Coupang HMeb74 Mar 18, 2022

This. I hear Snowflake does good engineering work + wlb is good

VMware hinge Mar 18, 2022

685K at principal engineer at Salesforce is unheard of. Congrats op.

Microsoft TonnyStark Mar 18, 2022

Yeah. Their initial offer was low.. post negotiation numbers are higher..

Cadence gamek Mar 18, 2022

What did you do one week before an interview? Did you keep practicing random questions or had some strategy?

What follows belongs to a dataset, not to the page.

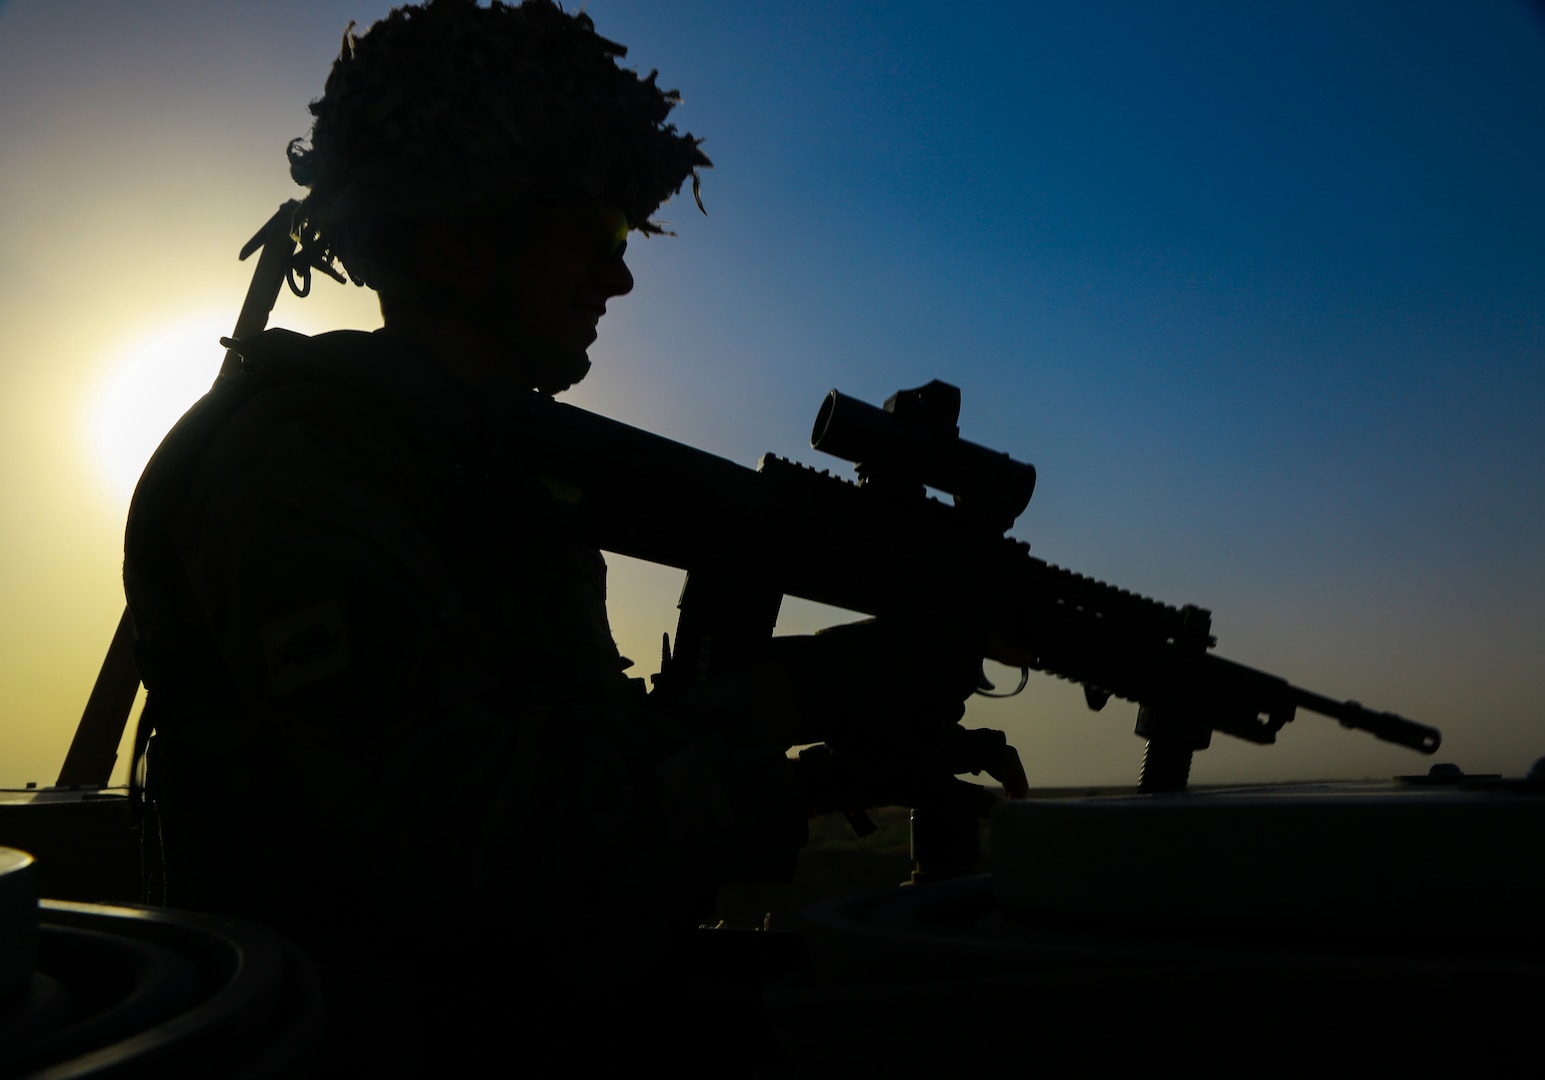 A British soldier, deployed in support of Combined Joint Task Force Operation Inherent Resolve, overlooks the Besmaya Range Complex while Iraqi security forces conduct breach training in Iraq on June 03, 2017. The breadth and diversity of partners supporting the coalition demonstrate the global and unified nature of the endeavor to defeat ISIS in Iraq and Syria. CJTF-OIR is the global coalition to defeat ISIS in Iraq and Syria. Army photo by Spc. William Gibson

Microsoft TonnyStark Mar 18, 2022

For last 2 months, I had interviews almost daily so I was in mode of continuously practicing LC tagged for upcoming interview and revising SD resources..

VMware hinge Mar 19, 2022

How did you not get burned out?

DocuSign xxtg Mar 18, 2022

I don't think it's true.mostly fake data. Just look at levels fyi data, that's more accurate

Google hehdvkag Mar 19, 2022

Or maybe levels is outdated and/or has holes? That seems more likely based on offers I’ve received.

Unity WnmK27 Mar 29, 2022

There's a good chance it's fake, but it _could_ be real. Regardless, I don't think this is a good place to learn whether _you're_ being paid market value. This type of thing is the whole reason levels.fyi shows you candles.

Salesforce Unskilled Mar 18, 2022

Congratulations! You are awesome. System design interview strategy please. Are you in Azure?

Microsoft TonnyStark Mar 18, 2022

Thanks! Yes .

Microsoft NotAtMsft Mar 18, 2022

If meta interview was good, it can blowout all of these offers

Microsoft TonnyStark Mar 18, 2022

Yes. Interviews were good. Recruiter mentioned they got all hires for E6 with some E7 signals.. so I am expecting high E6..

New
6pack Mar 19, 2022

For Meta E6: 255k + (20%), 1.28m RSU (can be up to 1.4m for ML), 100k signon You are looking at a 656k - ish TC. (without counting the sign on), or 681K TC (if you count sign on over 4 years). They can go out of band sometimes, but it is rare.